Advising on regulatory framework and oil investment matters, Centurion Law Group CEO and AEC Executive Chairman NJ Ayuk, said the natural resources story in Africa doesn’t always have to be the same. “South Africa has a great opportunity to get it right and make oil-and-gas work for everyone. Gas monetisation is key to development and job creation. Policy makers have a huge role to play and a lot of good deals will be done for local companies. We hope field development plans will not be delayed and a quick offering of more oil blocks to explorers like ExxonMobil, Eni and others to drill will be good for the industry and the country.” He further called for more industry collaboration on key issues pertaining to Nigeria’s oil and gas industry. He also recommended investing massively in energy infrastructure and building a robust petrochemical industry whilst ensuring that energy security is placed as a high priority agenda by both the Nigerian government and the country’s oil industry. This notably involves the signing of the Petroleum Industry Bill.

“The Chamber continues to be bullish about the potential of Nigeria and the investment opportunities for energy industry players here,” declared NJ Ayuk. “Many young Nigerians look at the energy industry for training, empowerment, innovation, and not just any job but good jobs. The oil industry is going to continue being the largest investor in the country and recognizes its responsibility to work with all Nigerians to ensure that the resources benefit every Nigerian and the dignity of work becomes real.
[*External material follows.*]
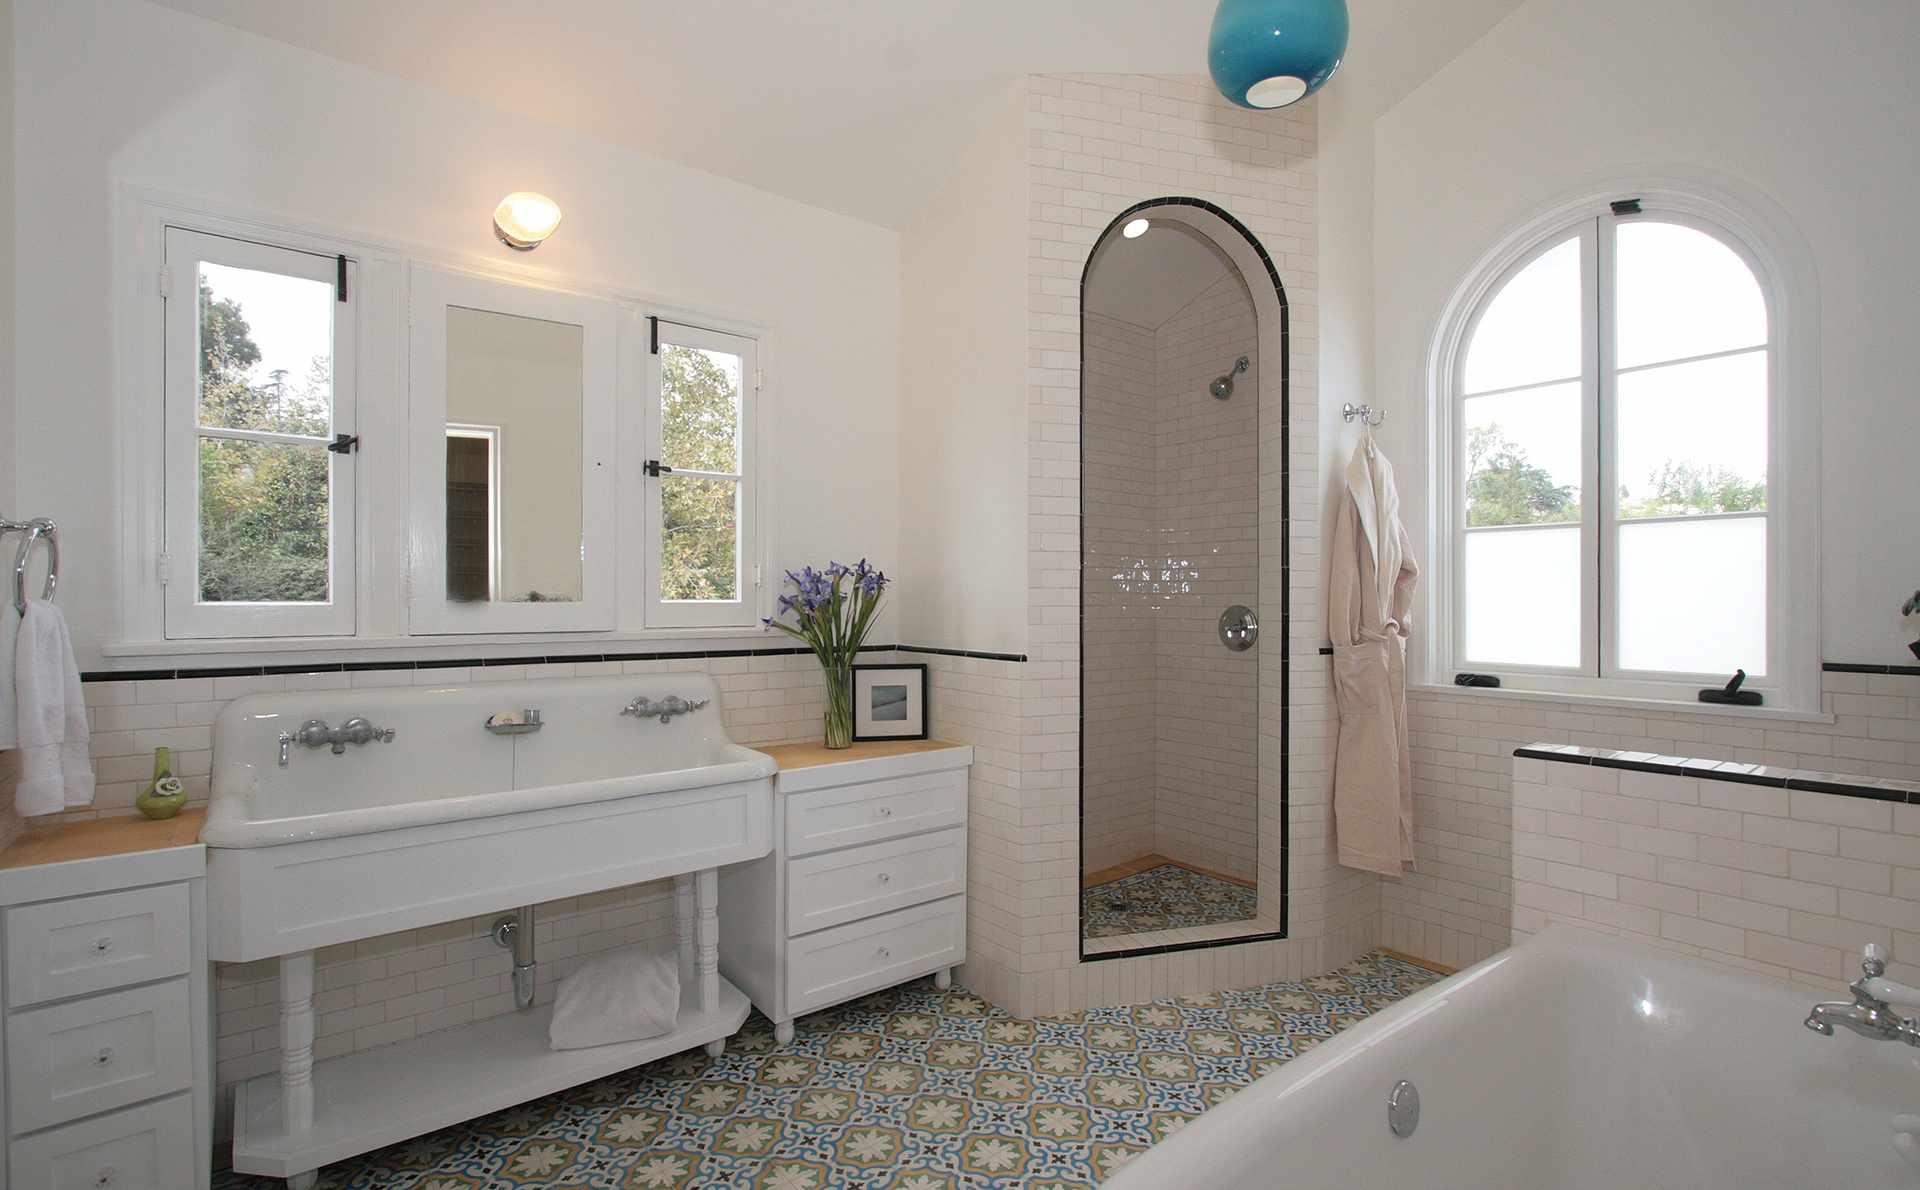 azulejo colorido en el baño blanco

Passing pro-growth legislation that incentivizes growth and provides confidence to all investors is important,”

“At the African Energy Chamber we are seeing a great number of Nigerian companies seeking to expand across Africa, including Senegal, Ghana, Equatorial Guinea, Gabon, Congo and South Sudan,” added NJ Ayuk. “We need to encourage African companies to take the lead in the development of the continent’s oil & gas industry.”